Decrying the economic orthodoxy in India handed down from Europe of cutting fiscal deficits to balance budgets, Niti Aayog vice-chairman Rajiv Kumar on Sunday called for new definitions to be adopted for government expenditure and described as fallacious comparisons between household and national budgets.

Speaking at industry chamber CII’s Annual Session 2018 in New Delhi, Kumar also said Niti Aayog, which has replaced the erstwhile Planning Commission, is currently working to design performance and outcome-based parameters for all budget items to improve efficiency of public expenditure.

“I strongly believe that macro policy has to be counter-cyclical. When private investment is weak and jobs are needed, then the government has to step in (with investment),” said Kumar at a session titled “The Fiscal Conundrum”.

“It is sheer nonsense to compare household with government budgets, a trend that was started with (former British Prime Minister) Margaret Thatcher,” he said, explaining that the whole is always much more than the mere sum of individual parts.

“We need to think of the fiscal situation of the country as a whole and for all the levels of government including the local,” he said, adding, however, that it was important to maintain a “delicate fiscal balance” and governments should not engage in populist measures.

“There is no reason for fiscal populism. It is to rein in politicians and governments taking populist measures that the FRBM (Fiscal Responsibility and Budget Management) Act, 2003, came along,” Kumar said.

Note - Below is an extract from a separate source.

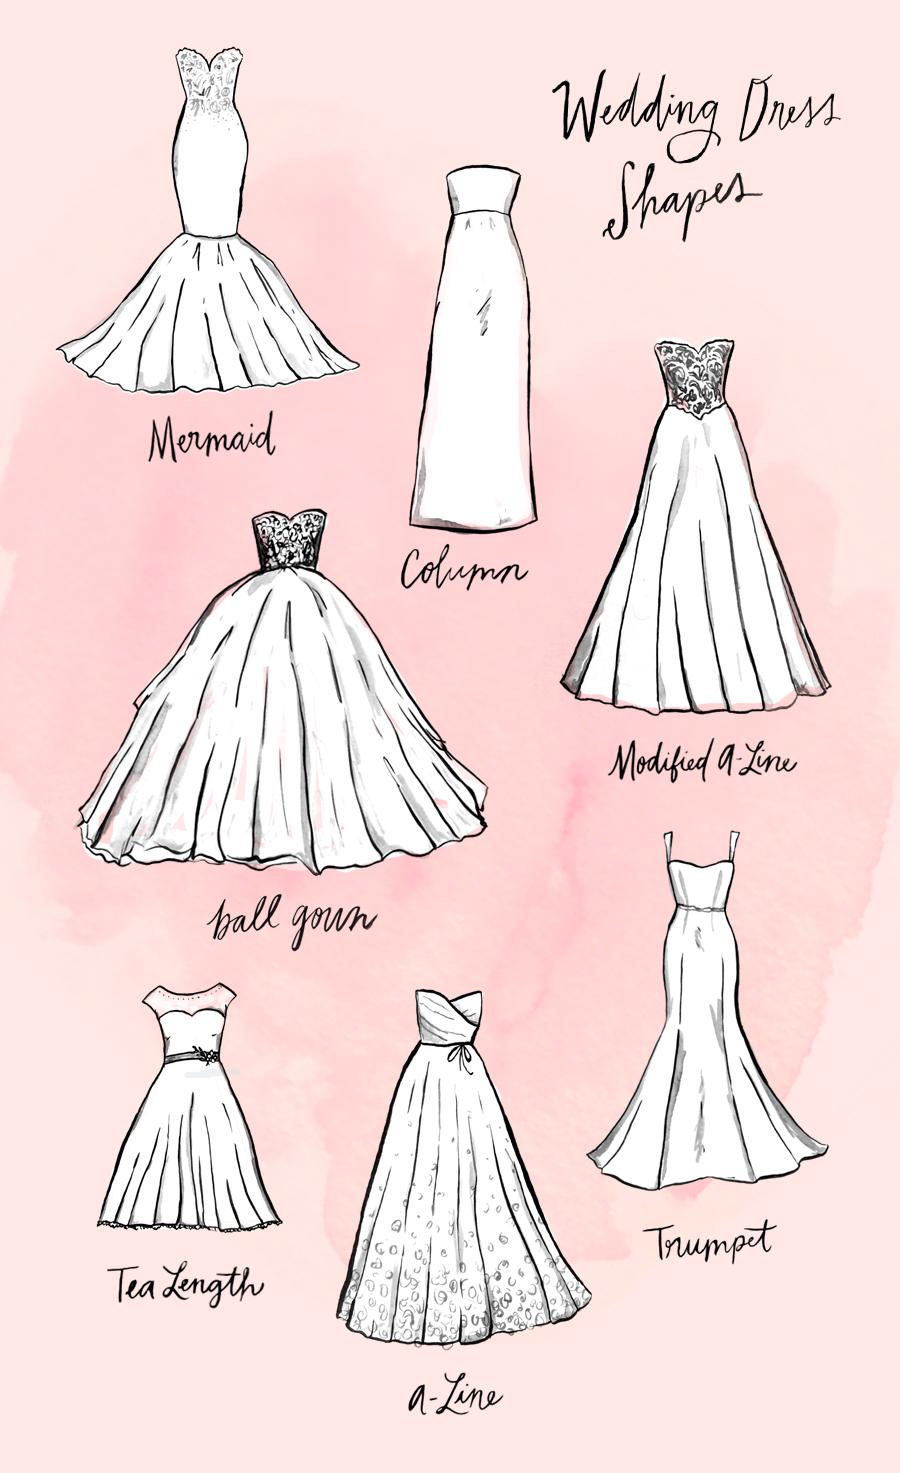 PS_WeddingDresses_Pinterest.jpg

Presenting his last full Budget in February before the general elections early in 2019, finance minister Arun Jaitley made a significant announcement of fiscal slippage with implications for pushing inflation, revising upwards the government’s fiscal deficit target for 2017-18 to 3.5 per cent of the GDP, or the equivalent of Rs 5.95 lakh crore.

The higher target came in place of the 3.2 per cent — or Rs 5.46 lakh crore — for the current fiscal announced earlier. In the Budget, Jaitley also announced that the minimum support price (MSP) for notified kharif crops will be 1.5 times the input cost, and also stepped up total budgetary allocation for the sector for next fiscal by about 5 per cent.

Criticising the “fetish” of fiscal deficit, the Niti Aayog vice-chairman said he preferred, instead, to use the measure of revenue deficit and that government borrowing for investment whose returns would be higher than the interest paid is a good thing.

“Let us come up with new definitions, rather than ideology and stick with rules and regulations that are outdated,” he said. “Education and health are now defined as revenue expenditure... Let us put all these under capital expenditure... all these are productivity enhancing, with education one is creating human capital.”

“With a view to improve efficiency of public expenditure and public sector performance, the Niti Aayog is working to create performance and outcome-based measures for all budget line items,” he added.

Emeritus professor of Economics at Jawaharlal Nehru University, Deepak Nayyar pointed out that currently investment in India as a proportion to GDP was 6 per cent lower at a time of sluggish private investment than some years back and that the “fiscal space” of the states was limited by the fact that they need RBI permission to borrow.